"Pure Spam" - Or, a lesson in shared hosting and DNS.
I maintain, or am associated with, a number of websites including some quite high profile and well respected ones. Imagine my shock when one of these disappeared from the Internet (well, Google anyway) entirely overnight.
Logging into Google Webmaster Tools I could see this was the result of a "Manual Action" by Google's team, specifically that my website was considered to be "Pure Spam"
The site appears to use aggressive spam techniques such as automatically generated gibberish, cloaking, scraping content from other websites, and/or other repeated or egregious violations of Google’s quality guidelines.
How could this be? All the content is original, nothing is automatically generated, no cloaking or any other questionable techniques are used.

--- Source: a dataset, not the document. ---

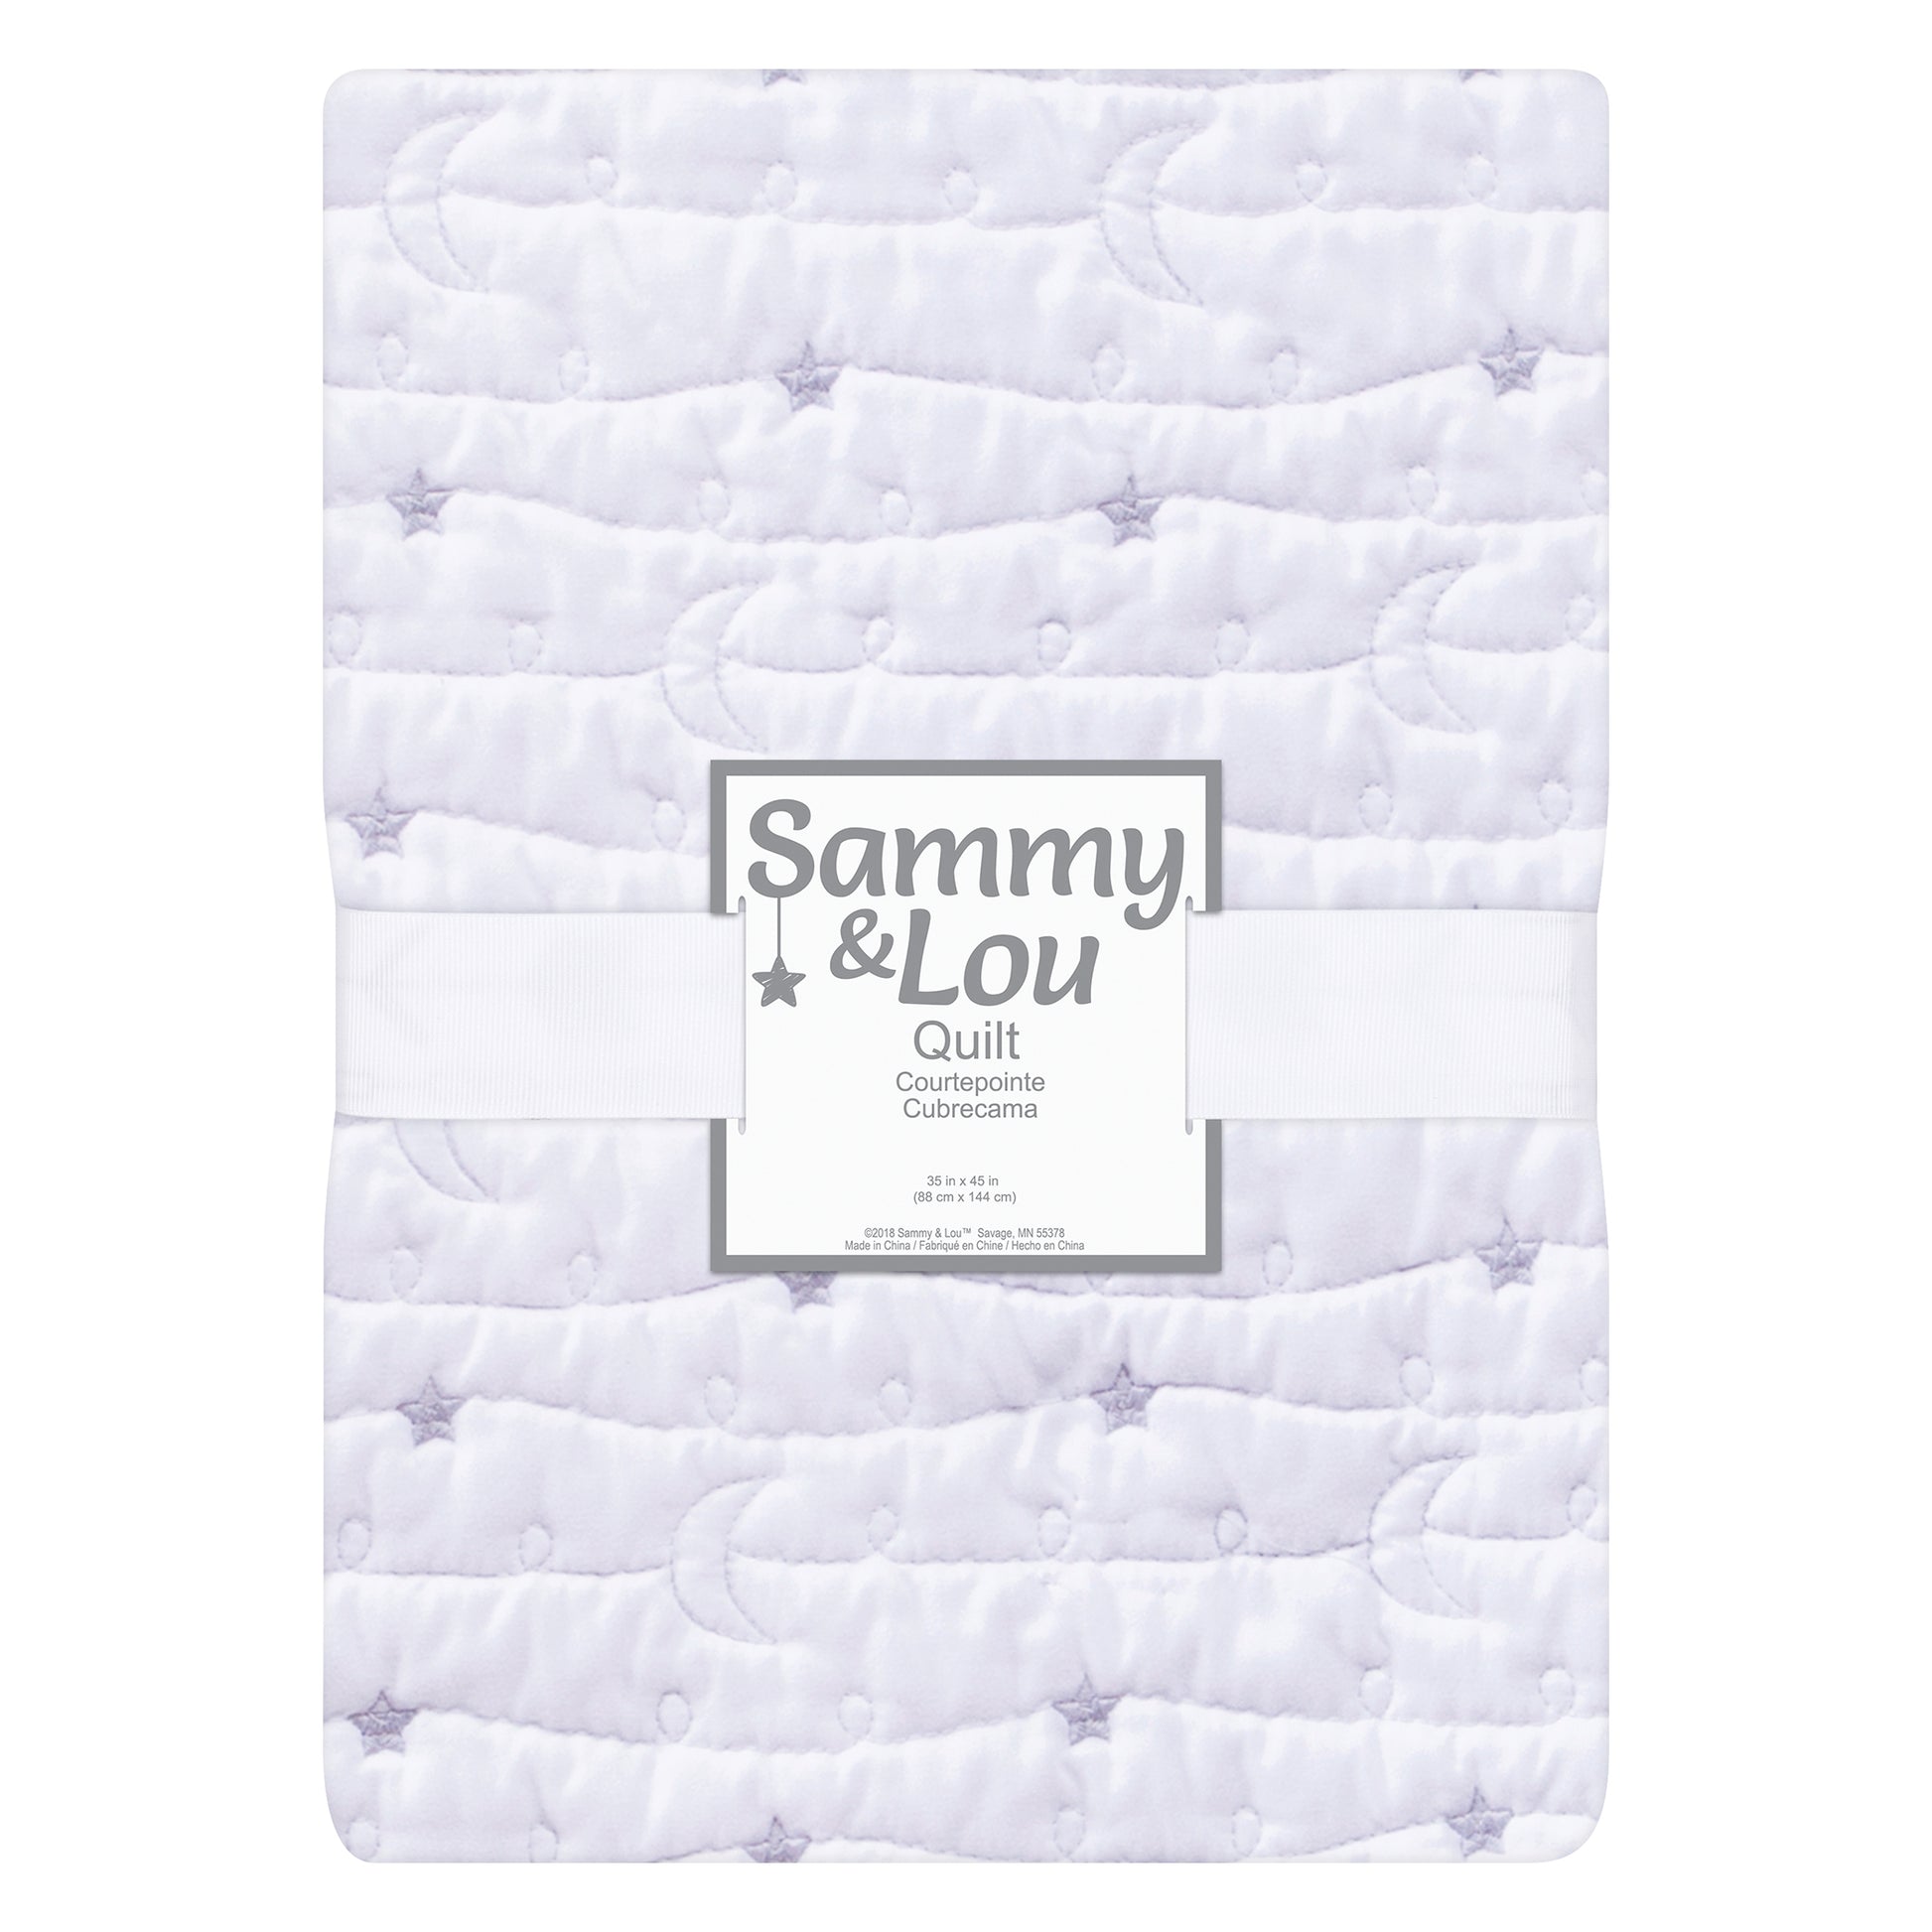 Sammy and Lou Moon and Stars Quilt55363$29.99Trend Lab

This was also considered a Site-wide match by Google, meaning that the entire website (including subdomains) were delisted from Google. Even searching for the company by name wouldn't find it.
Use of Shared Hosting
Like many companies, we use virtual machines like those offered by Digital Ocean (there's a coupon here if you want to try them).

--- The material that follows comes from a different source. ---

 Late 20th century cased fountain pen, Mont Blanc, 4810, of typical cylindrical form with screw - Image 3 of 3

With these decided virtual servers you get your own static IP. The problem is, you don't know who's had it before or - when you delete the VM - who gets it next, as they're recycled regularly...
You don't know what the next owner is going to us it for.
Stale DNS
We had a number of subdomains (e.g. <something>.example.com
) which pointed to Digital Ocean IP addresses. When the need for these VMs was gone, we deleted them but, crucially, did not delete the DNS entries.
One of these IP addresses was subsequently used by another Digital Ocean customer to create a website that would certainly meet Google's defininition of "Pure Spam". The trouble is, as well as being accessible on whatever domain name they had pointed to that IP address it was also accessible on our own domain.
As a result, because some_temporary_unimportant_host.example.com
now presents a webpage containing gibberish, Google tars the whole of example.com
with the same brush, and removed the entire website from the search listings.
No Notifications
Unfortunately, whilst the usual subdomains (like www.example.com
, news.example.com
and help.example.com
) are all registered with Google's Webmaster Tools the domain in this case was not – the reason was simple, it was never used for any sort of web service.
As a result, there was never any report received of misuse of this domain. This is particularly frustrating, if Google had sent a notification (the parent domain was registered) then it would have been acted on immediately.
Moral of the story - check your DNS regularly!
If you maintain a large domain with many subdomains, audit your DNS configuration regularly. Make sure there are NO subdomains that point to IP addresses or CNAMEs that are no longer under your control, and ensure any unused domains are removed.
Some random non-web-related experiment like my_new_asterisk.example.com
or couchdb_test.example.com
that lives on an external hosting service for a short time could jeapordise your entire web presence if that domain is allowed to exist longer than necessary, and the IP address is reused for more nefarious purposes.